WHAT IS EXPECTED >>
In the entries below, how many lines contain "good"? Answer with the number and nothing else.

PROVIDED ENTRIES >>

===

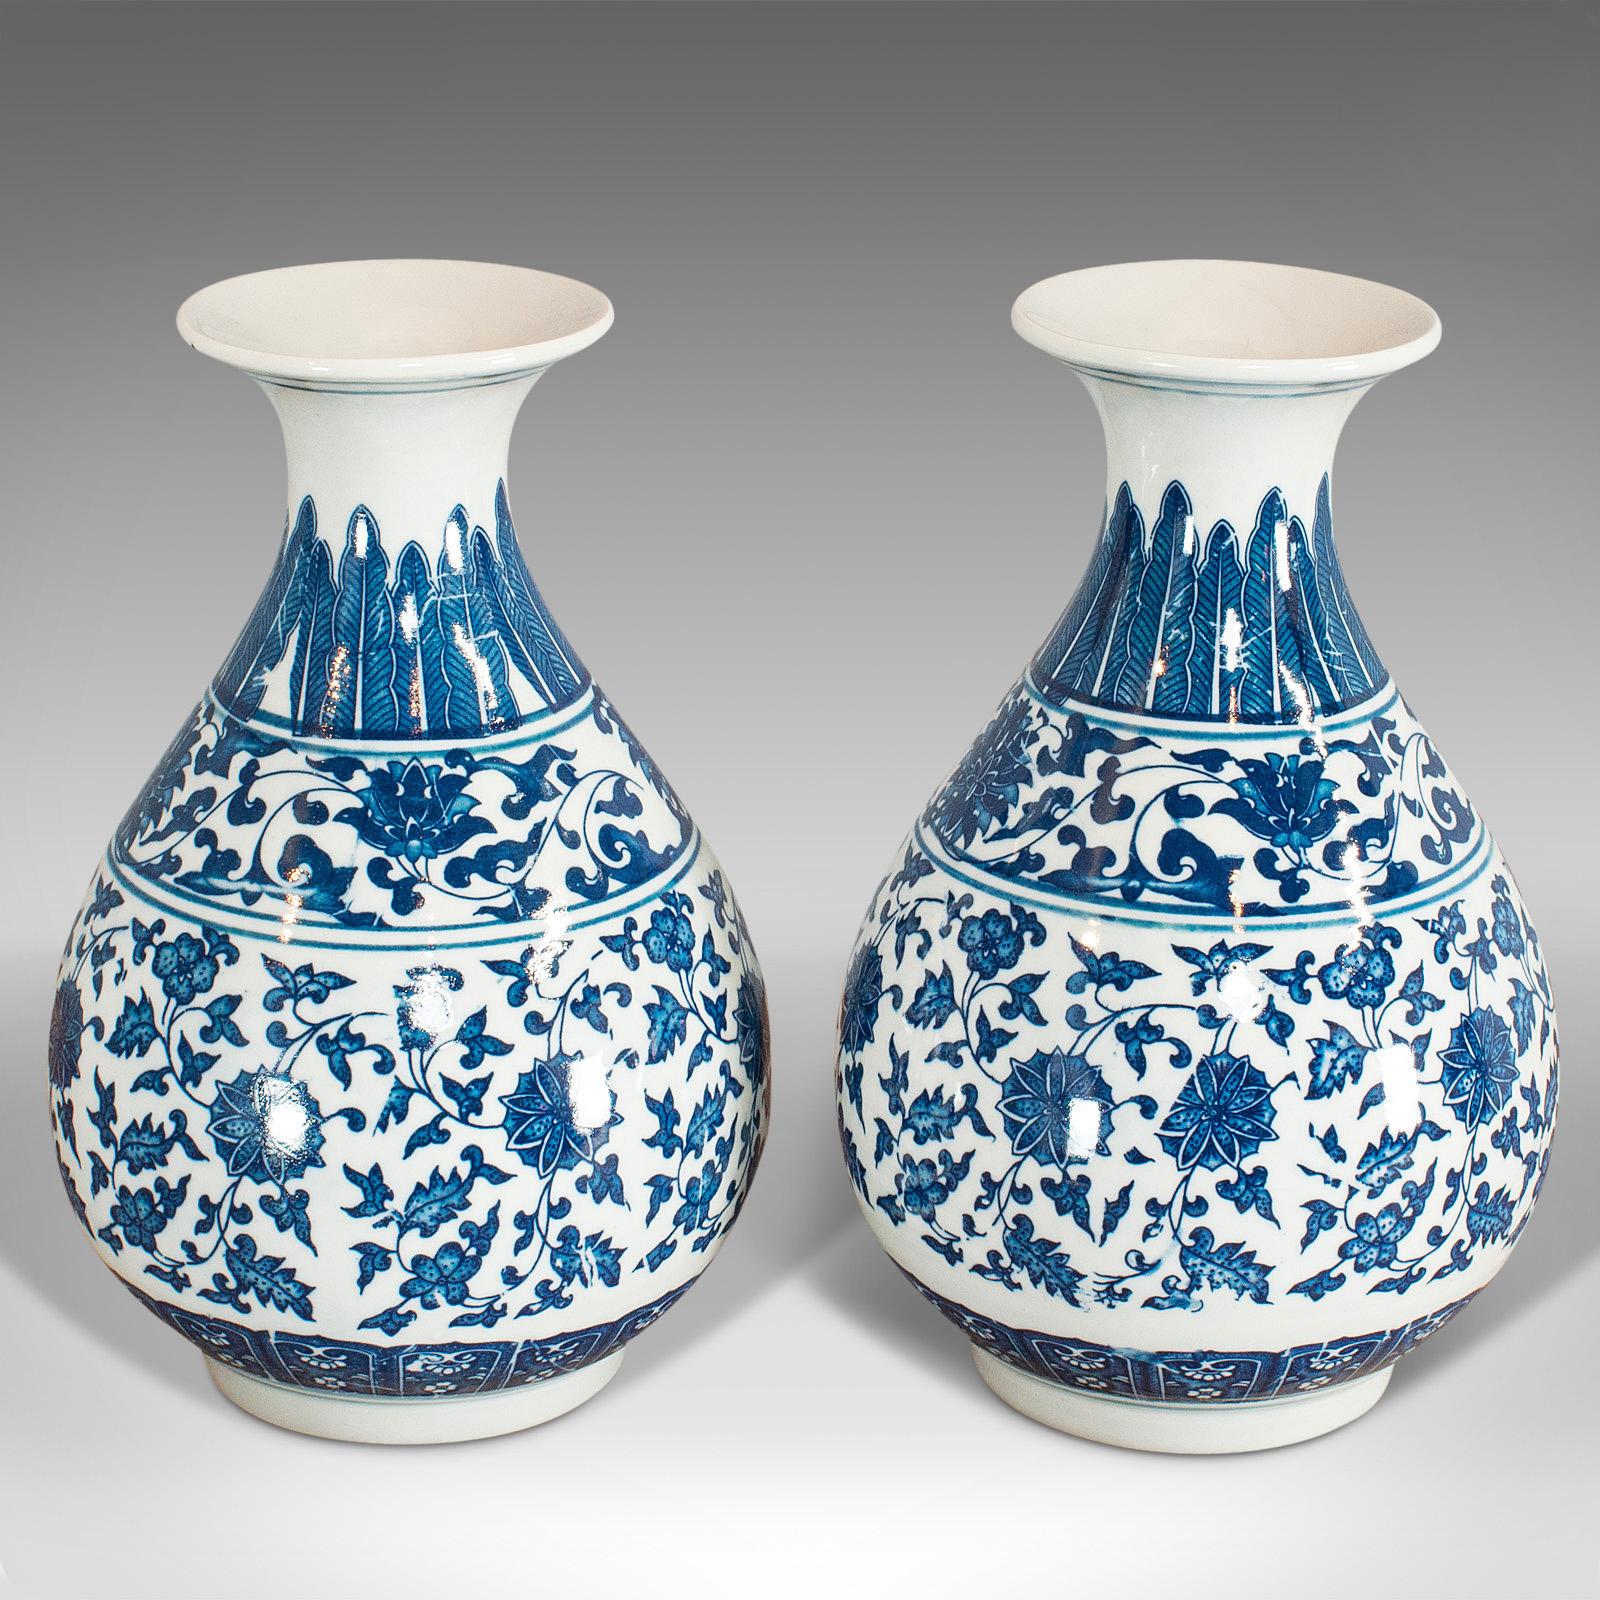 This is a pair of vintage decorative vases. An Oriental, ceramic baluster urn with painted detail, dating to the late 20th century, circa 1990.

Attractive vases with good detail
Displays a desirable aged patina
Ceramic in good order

===

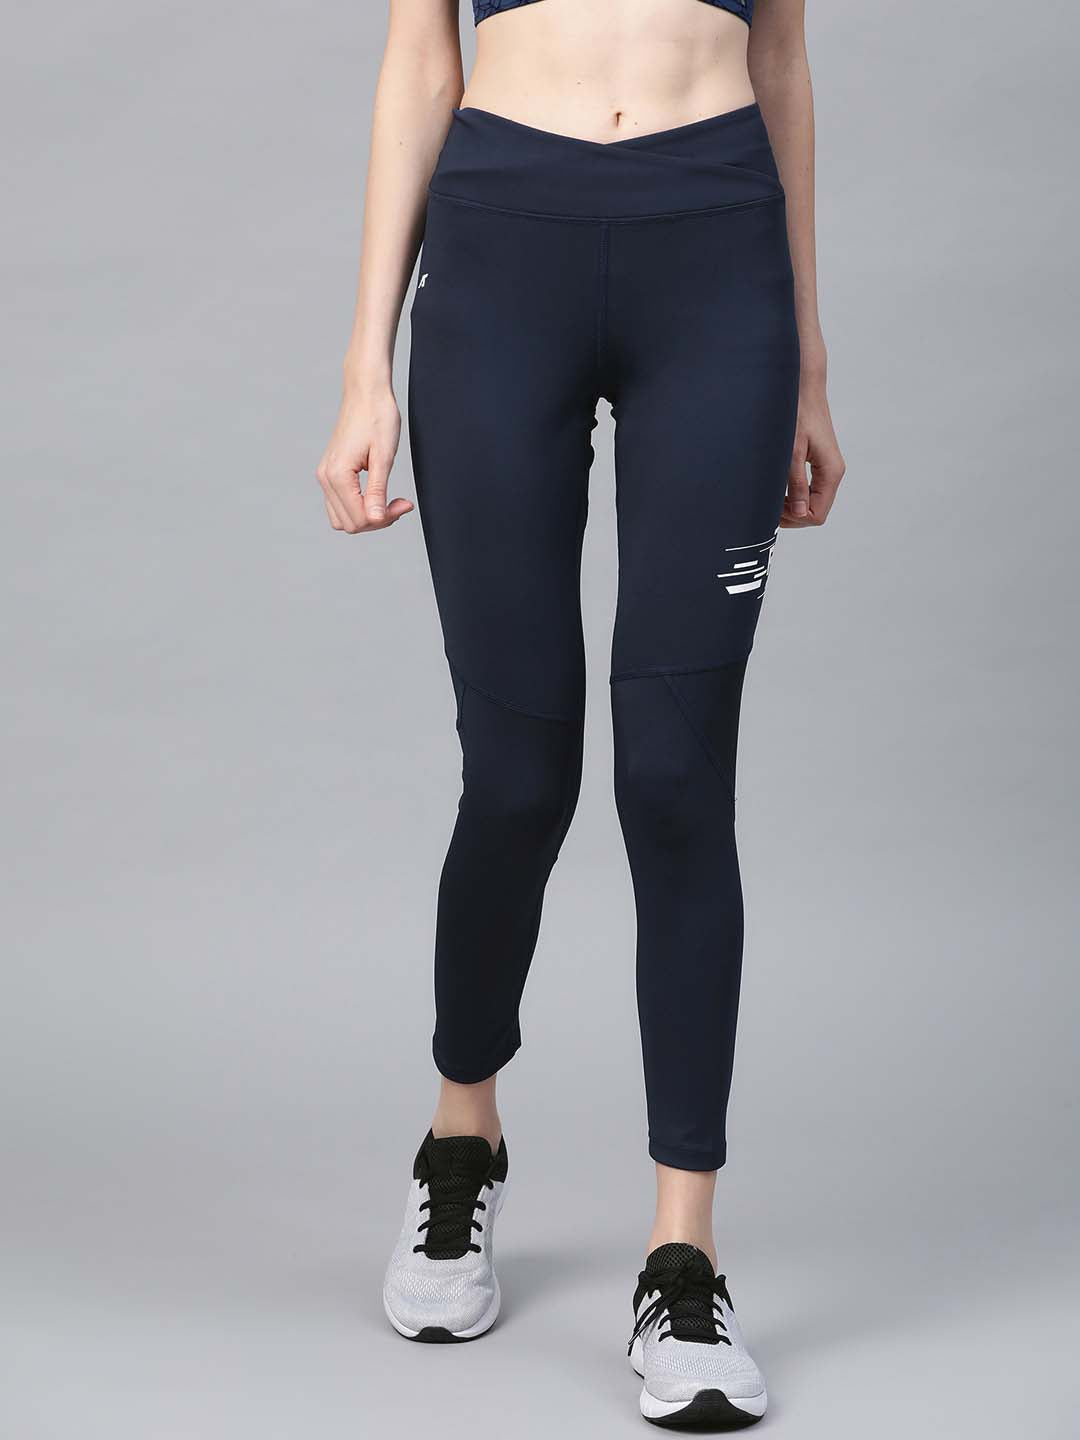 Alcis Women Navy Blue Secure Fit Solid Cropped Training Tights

===

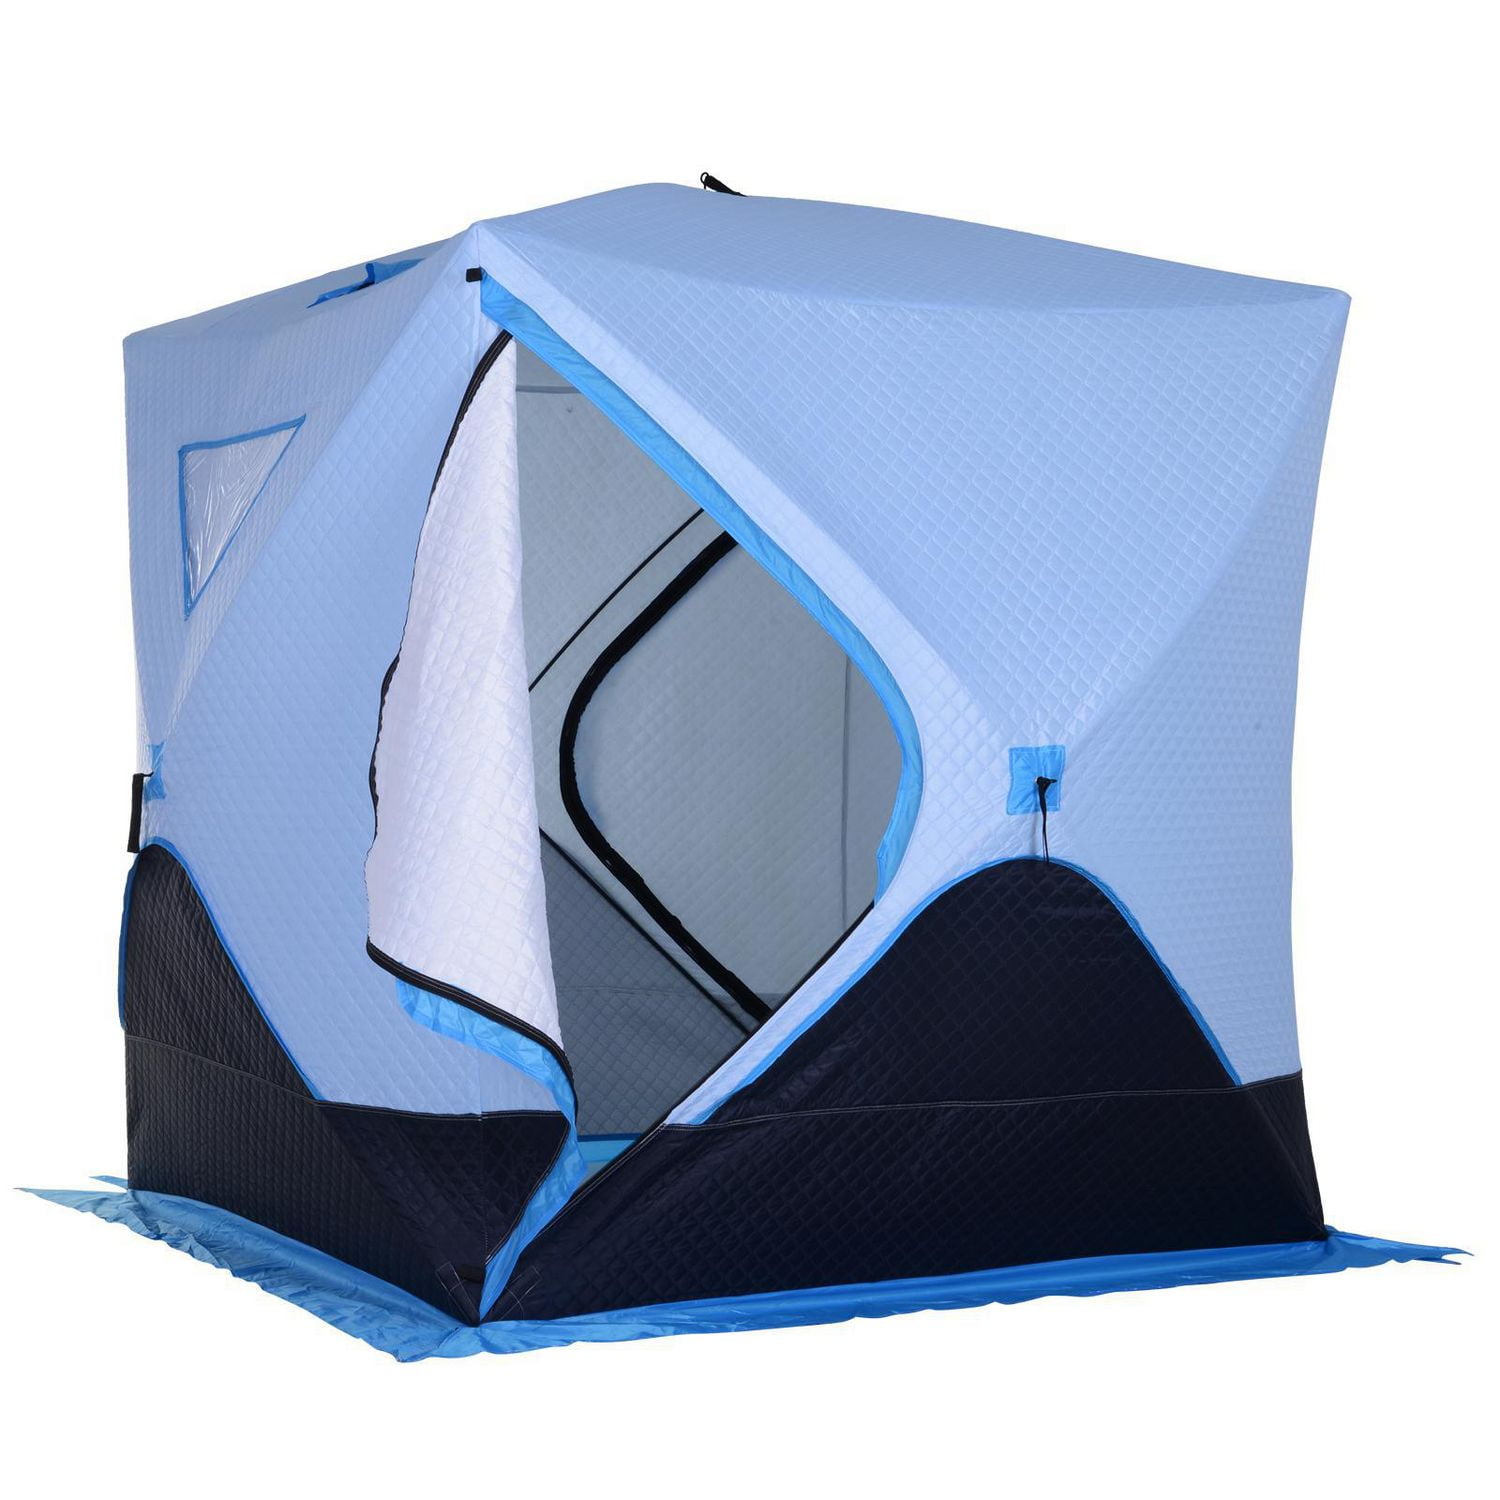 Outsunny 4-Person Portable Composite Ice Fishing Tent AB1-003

===

THE ANSWER >>
2